Observations on the development of ascending spinal pathways in the clawed toad, Xenopus laevis.

The development of ascending spinal pathways has been studied in the clawed toad, Xenopus laevis. From stage 35 (hatching) on, HRP was applied at the spinomedullary border or to the area of the developing dorsal column nucleus, to analyze the development of ascending spinal pathways to the brain stem, and the onset and development of spinal projections to the dorsal column nucleus, respectively. Several populations of spinal neurons with ascending projections at least as far as the spinomedullary border were successively labeled. In early stages ascending spinal projections arise from Rohon-Beard cells and ascending interneuron populations located at the margin of the gray and white matter, i.e., marginal neurons. The ascending interneuron populations could be characterized as dorsolateral commissural and commissural interneurons projecting contralaterally, and as ipsilaterally projecting ascending interneurons and distinguished by Roberts and co-workers. Such a subdivision could be made until about stage 57. Then these ascending and commissural interneuron populations become intermingled with other populations of ascending tract neurons. Rohon-Beard cells could be labeled, more or less shrunken, until stage 55. Around stage 48 (at the time of the appearance of the limb buds) spinal ganglion cells could be labeled from the spinomedullary border and the developing dorsal column nucleus.
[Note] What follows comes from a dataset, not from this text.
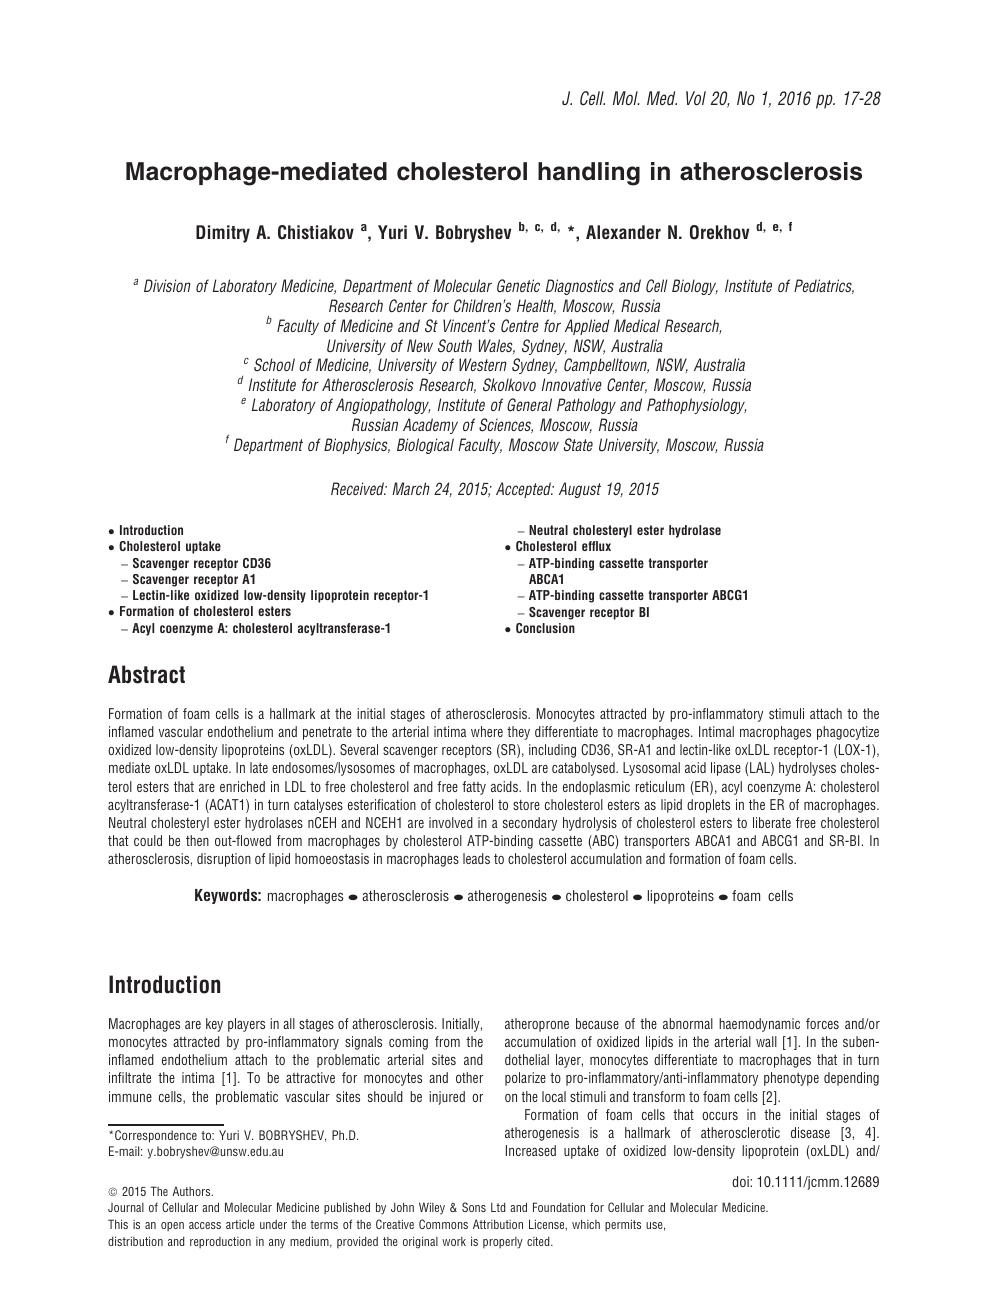 Macrophage Mediated Cholesterol Handling In Atherosclerosis Topic Of Research Paper In Biological Sciences Download Scholarly Article Pdf And Read For Free On Cyberleninka Open Science Hub

At stage 48 such ascending primary spinal afferents were found to arise only from non-limb-bud-innervating dorsal root ganglia. Gradually also the limb-bud-innervating ganglia give rise to ascending collaterals, so that by stage 53 all spinal ganglia send ascending collaterals to the brain stem. The number of cells of origin of secondary spinal afferents to the brain stem increases during development, and their distribution becomes more extensive. Particularly impressive is a large population of neurons in the dorsal horn projecting ipsilaterally to the dorsal column nucleus. Part of the latter population represents non-primary spinal afferents to the dorsal column nucleus.